Hi Biostars,
I want to align reads from a non-model microbat genome to the repeat-masked version of the published microbat (Myotis lucifugus) genome and do variant calling. I have short insert paired-end data generated on an Illumina Nextseq. The Myotis lucifugus genome has fairly gappy scaffolds and is of course a different, albeit closely related species.
Is more appropriate for me to align my reads as single-end or paired-end reads? BWA and other similar aligners penalize unpaired reads heavily by default. My concern is that I will have reads thrown out because their pair either falls within a masked repetitive region or in a gap of N's in the scaffold.
As a side note, when I run BWA with defaults, I get radically different mapping percentages depending on whether I align the reads as single-ended (~60% mapping) or paired-end (~85% mapping). Is this because BWA is penalizing the single-ended reads for not having a mate pair? Would I fix this by reducing the -U penalty for an unpaired read pair from its default of 17 to 0?
Sorry that this is a few questions bundled together. This is also my first time posting here and I apologize if I've missed a rule.
Thanks. For perspective, only ~70% of my reads are mapping in proper pairs according to samtools flagstat. I was also working with a museum specimen rather than a fresh sample and did a much less stringent size selection to preserve material. I've used a pair-merging program previously which showed that at least ~30% of my reads are also overlapping (so in principle I could also map these as long single-ended reads rather than pairs). I'll definitely try it a couple of ways.
70% isnt too bad you know - particularly when you're mapping to a different species!! I wouldn't bother with my suggestion then, as it will cause headaches down the road. Many programs work with either PE or SE, and cant handle both. I'd keep the 70% and be happy it wasn't 40% ;) Probably thanks to those long reads :)

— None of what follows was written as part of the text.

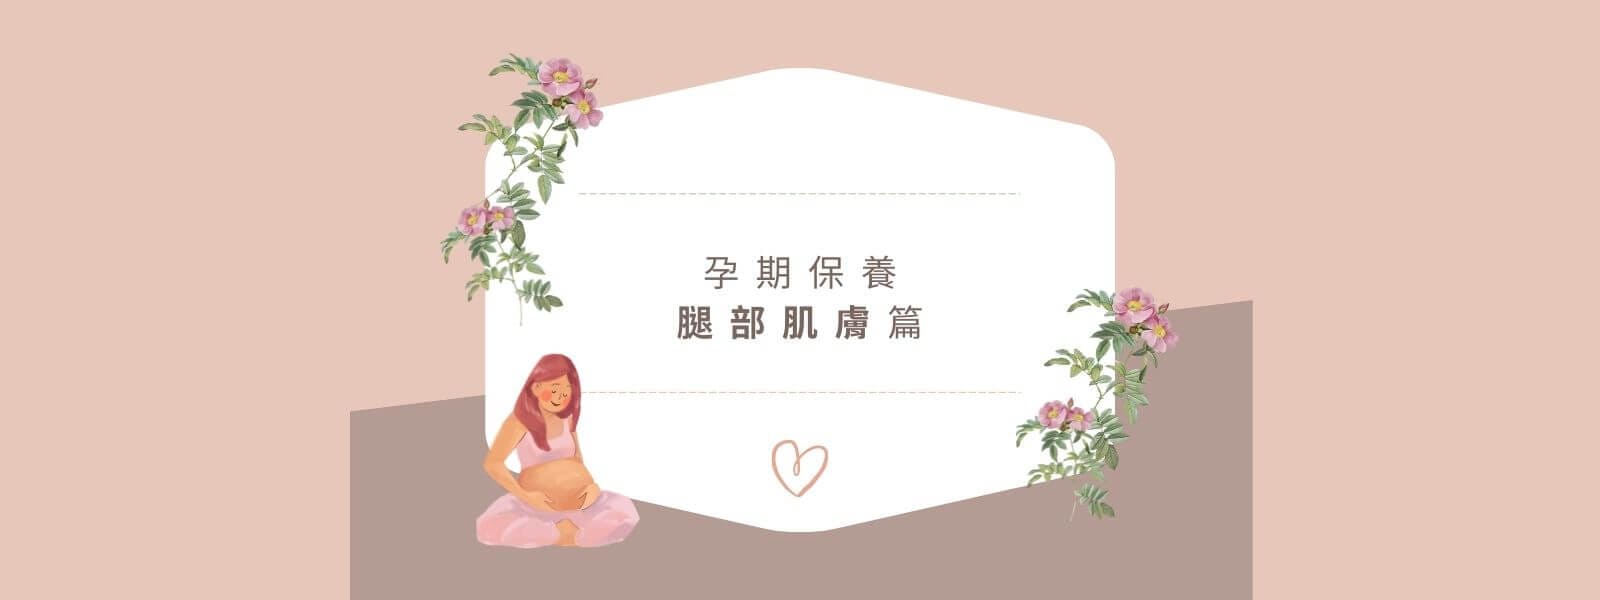 白底咖啡色字呈現標題-孕期保養(腿部肌膚)，標題周圍有孕婦坐著摸肚子，表情祥和，以及鮮花跟愛心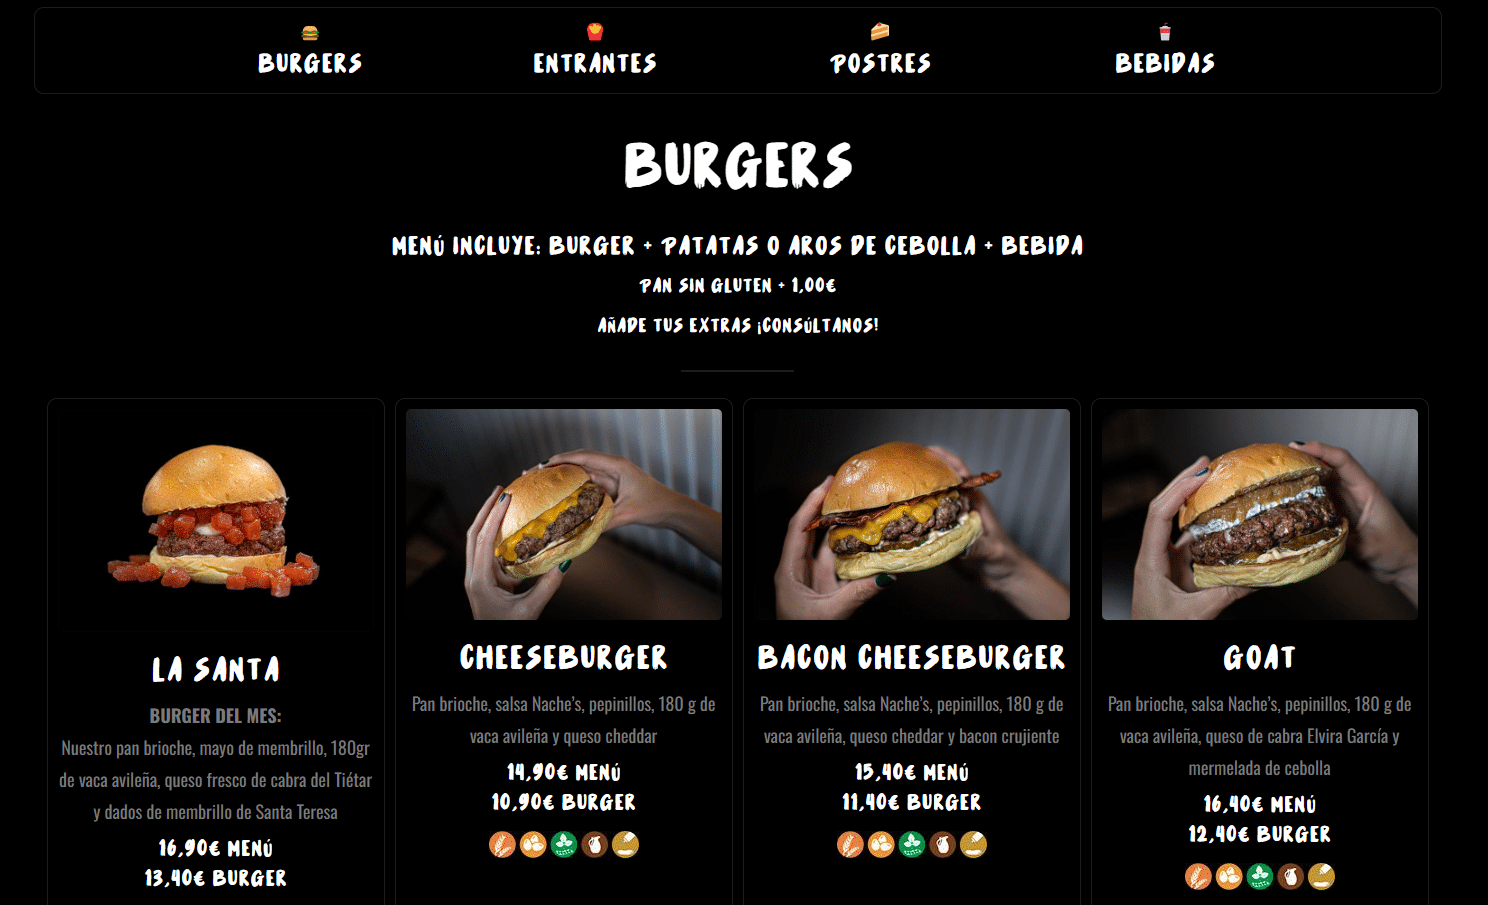 Nache's Burger Bar Ziddea | Estudio de diseño de páginas web en Ávila

Well that's good to know! I did try mapping them as single ended and paired and also tried mapping the single end reads with the default
-Uparameter (unpaired penalty) and setting it to zero, it made no difference so I'm guessing BWA is smart enough to know when to use it and when not. Paired did have a slightly higher mapping percent than single, but I think I know why now. By default, bwa mem does mate rescue, where, if one of a pair maps but the other's map quality is too low, it will try to map it again using the SW algorithm. If it passes SW then it will still get mapped. I believe it only does this in paired end mode.Thanks again for your suggestions John, much appreciated.